On December 10, 2020, President Trump formally announced that the Government of Israel and the Kingdom of Morocco will normalize their bilateral relationship, marking the fourth Arab country that recognizes Israel as a result of the Abraham Accords. Over the coming months, the new agreement will allow the two countries to resume full diplomatic relations, increase cooperation on security and economic matters, and open up regular flights between Morocco and Israel.
Concerns remain over how the normalization of ties between Arab nations and Israel will affect Palestinian self-determination rights and the final political status of the Palestinian territory, which remains under Israeli occupation. This is important because the Morocco-Israel agreement also includes U.S. recognition of Morocco’s claim to the Western Sahara, despite broad international recognition of the indigenous Sahrawi’s right to self-determination.
Prior to the Trump Administration, both Democratic and Republican Administrations had consistently refrained from adopting a position on the Western Sahara’s political status. Instead, all previous Administrations supported international diplomatic efforts under MINURSO – the U.N. peacekeeping mission mandated with providing a referendum for the Sahrawi on self-determination.
Against this backdrop, a handful of companies have sought to source natural resources from the Moroccan-occupied portion of the Western Sahara. The activities of these companies have included exploring for hydrocarbons in offshore Western Sahara, fishing operations off the Western Sahara coast, and purchasing phosphates mined in the territory.
It is important for companies that source or are considering sourcing from the Western Sahara to bear in mind a key fact: Morocco’s occupation of the Western Sahara is illegal under international law and Morocco’s political consolidation of the territory, by way of such occupation, has led to gross human rights violations aimed at suppressing Sahrawi resistance to Moroccan rule. Under a landmark Advisory Opinion issued in 1975 – the year Morocco annexed much of the Western Sahara – the International Court of Justice unequivocally ruled that Morocco had no historical or legal claim to the territory.
The Legal Advisor to the United Nations has expressly stated that Morocco’s sale of the Western Sahara’s resources is illegal and violates the fundamental rights of the Sahrawi. Moreover, the European Union’s Court of Justice ruled in 2016 that trade agreements between the European Union and Morocco do not apply to products sourced from the Western Sahara because Morocco does not have a legal right to the territory.
Additionally, myriad U.N. General Assembly resolutions stipulate that no territorial acquisition resulting from the threat or use of force shall be recognized as legal, and therefore constitutes a violation of international humanitarian law.
Accordingly, although recognition of Morocco’s claim of sovereignty over the Western Sahara may now be the Trump Administration’s policy, that policy contravenes international law, violates internationally recognized human rights principles, and does not change the obligation of companies to ensure that their operations and supply chain activities do not infringe upon the human rights of the Saharawi people.
If a company were to enter into a contract with the Government of Morocco to buy the natural resources of the Western Sahara, that contract would be per se illegal under international law.
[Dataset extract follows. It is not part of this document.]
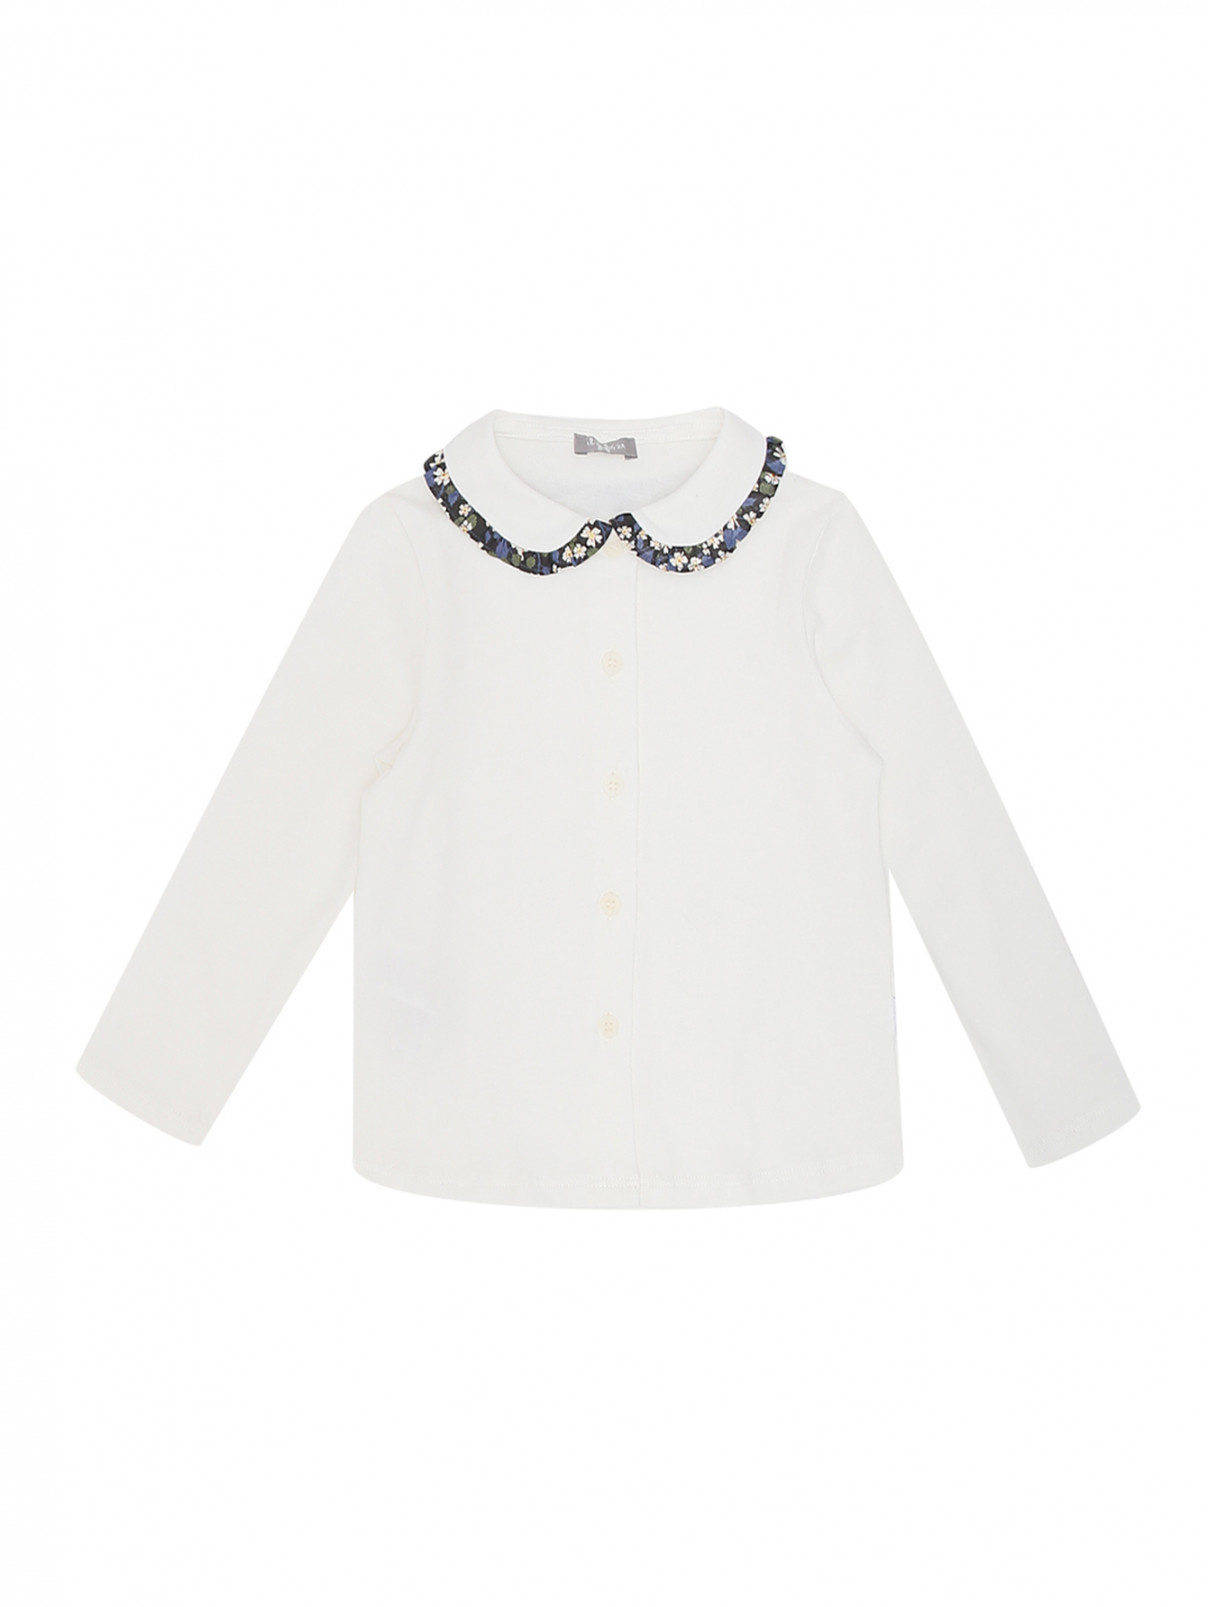 Блуза из трикотажа с воротником Il Gufo  –  Общий вид  – Цвет:  Белый

Notably, it would be just as illegal for the company to source those natural resources from Morocco, without establishing a physical presence in Africa, as it would be for the company to directly harvest the resources in the territory without the consent of the Saharawi.
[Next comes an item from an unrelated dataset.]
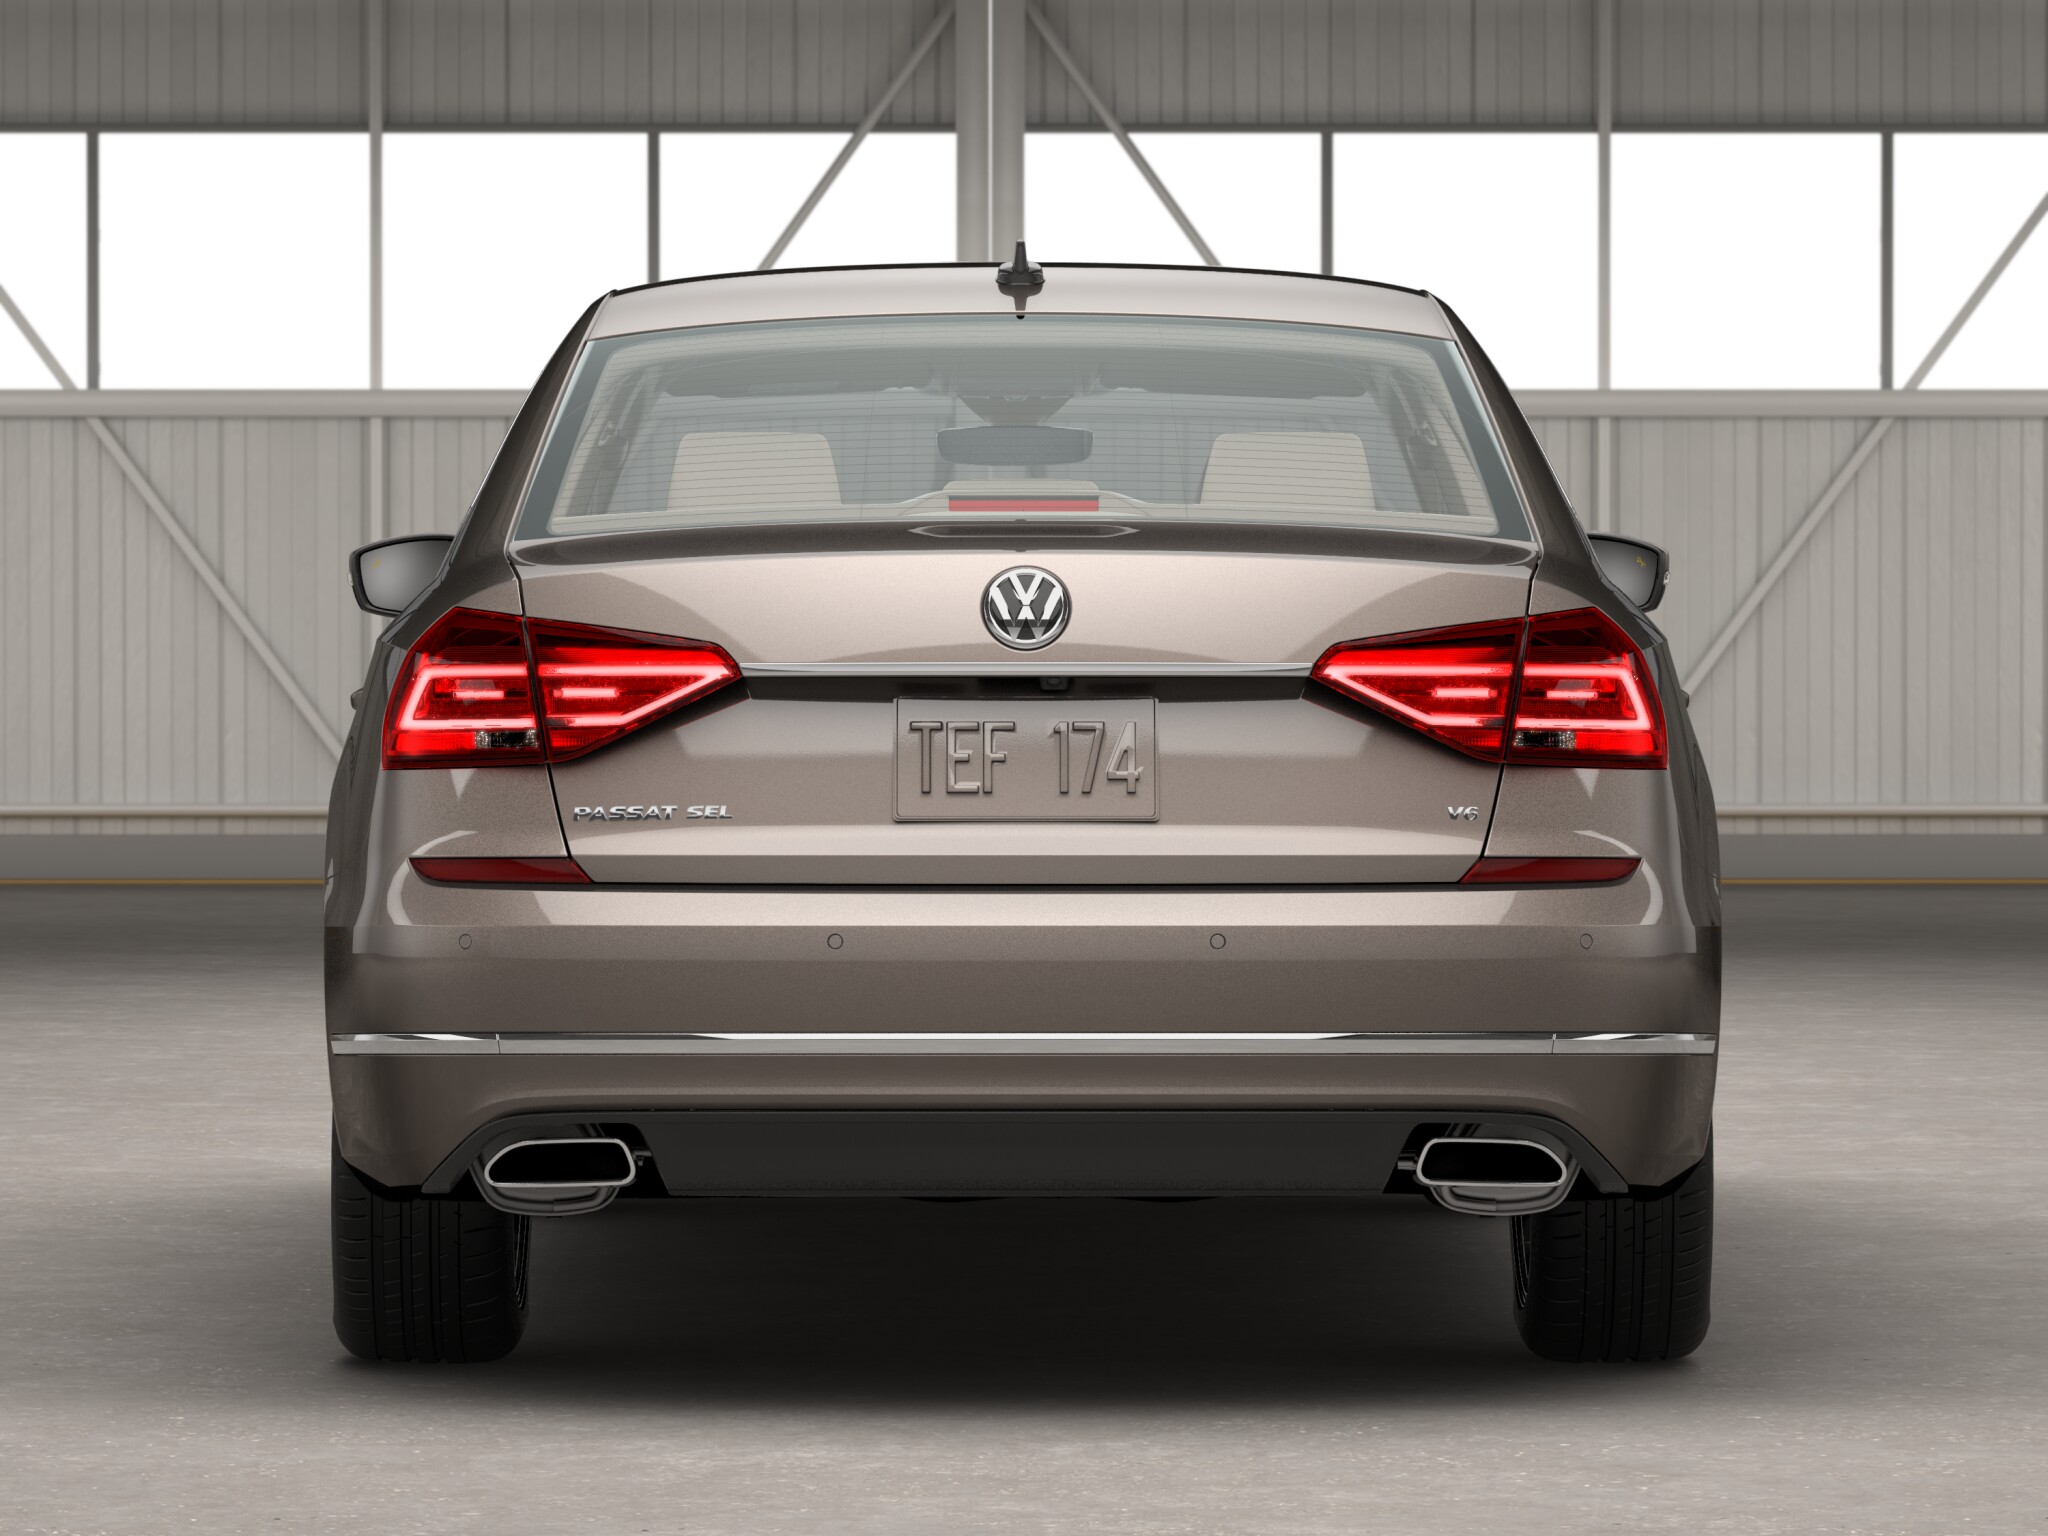 Volkswagen Passat V6 SEL Premium rear view

In assessing any business activity related to the Western Sahara, companies should give careful consideration to the U.N. Guiding Principles on Business and Human Rights (UNGPs) — the primary international framework setting corporate responsibilities for respecting human rights. The UNGPs make clear that companies have an obligation to avoid committing or contributing to human rights violations, and call upon businesses to conduct robust due diligence to prevent potential harms to rights-holders.
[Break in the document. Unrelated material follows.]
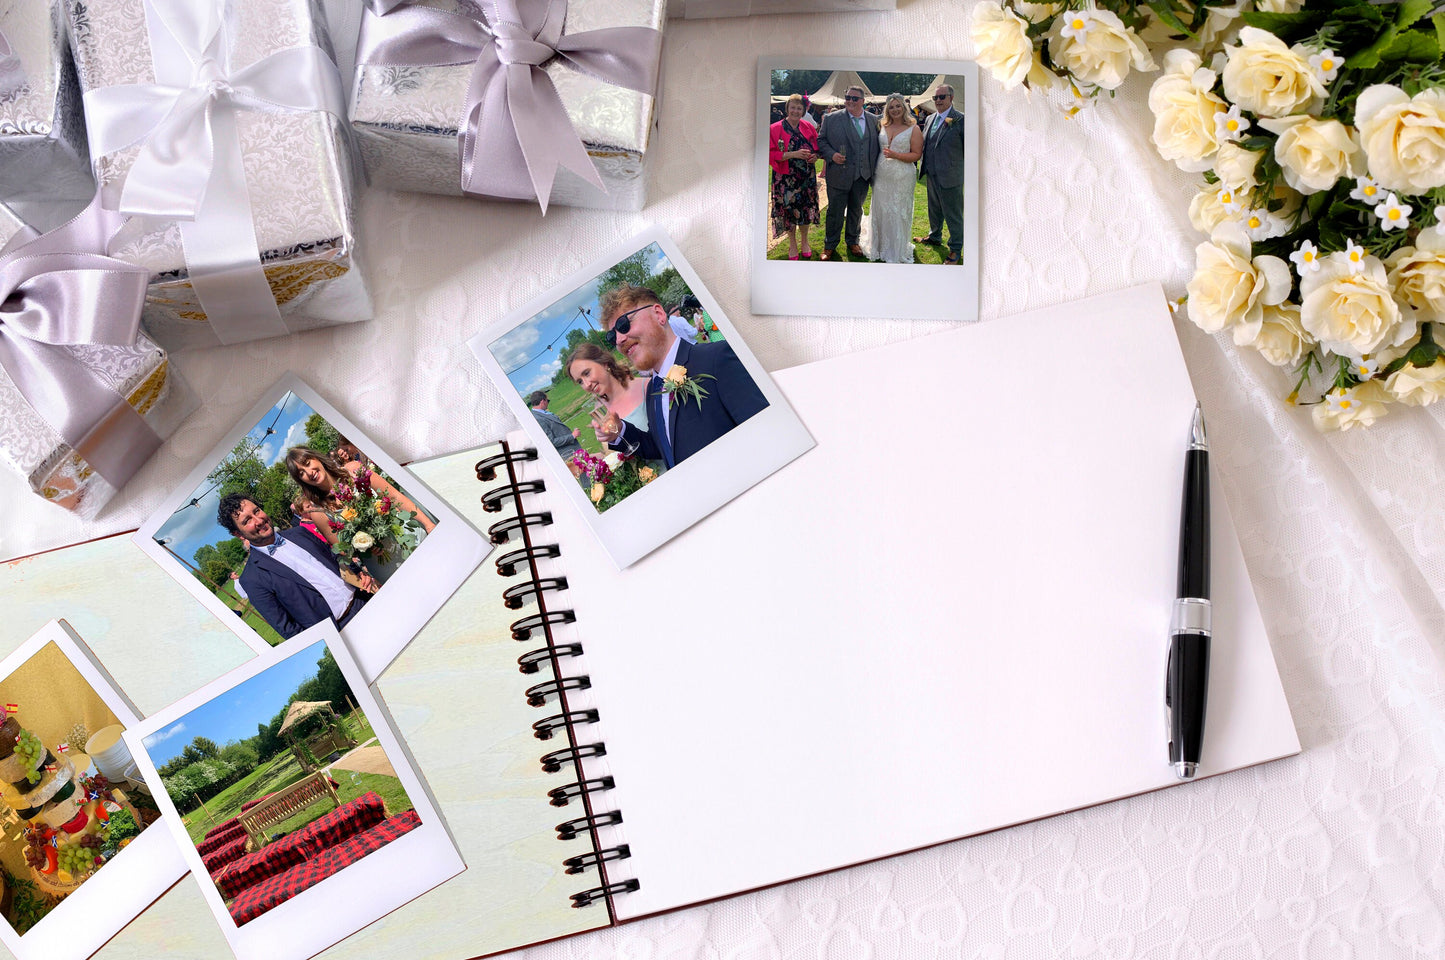 Personalised Engraved Wooden Wedding Guest Book with Bold Names, Wedding Photo Book, Wedding Photo Album, Wedding Gift, - Resplendent Aurora

The UNGPs framework sets criteria for determining the relationship between corporate activities and human rights harms as well as the human rights risks associated with such activities. Based on these criteria, any company that sources from Moroccan-occupied Western Sahara would face significant reputational risks and could also face legal challenges if their operations cause, contribute, or can be linked to human rights violations in the territory.
The incoming Biden Administration will encounter significant pressure from Members of Congress, human rights organizations, and legal scholars to reverse U.S. recognition of Morocco’s claims to the Western Sahara and to reaffirm MINURSO’s mandate. The Sahrawi’s right to self-determination enjoys bipartisan support from liberal and conservative Members of Congress, ranging from Senator Patrick Leahy (D-VT) to Senator James Inhofe (R-OK). Moreover, foreign policy experts, including former National Security Advisor John Bolton, House Foreign Affairs Committee Chairman Eliot Engel (D-NY), and former Secretary of State James Baker have decried Trump’s new policy and called for its reversal. This will make it easier for the new Administration to restore U.S. adherence to internationally recognized principles.
Accordingly, companies considering business in the region are strongly advised to ensure that their operations are consistent with international standards and their supply chains do not include products from Western Sahara purchased through Morocco.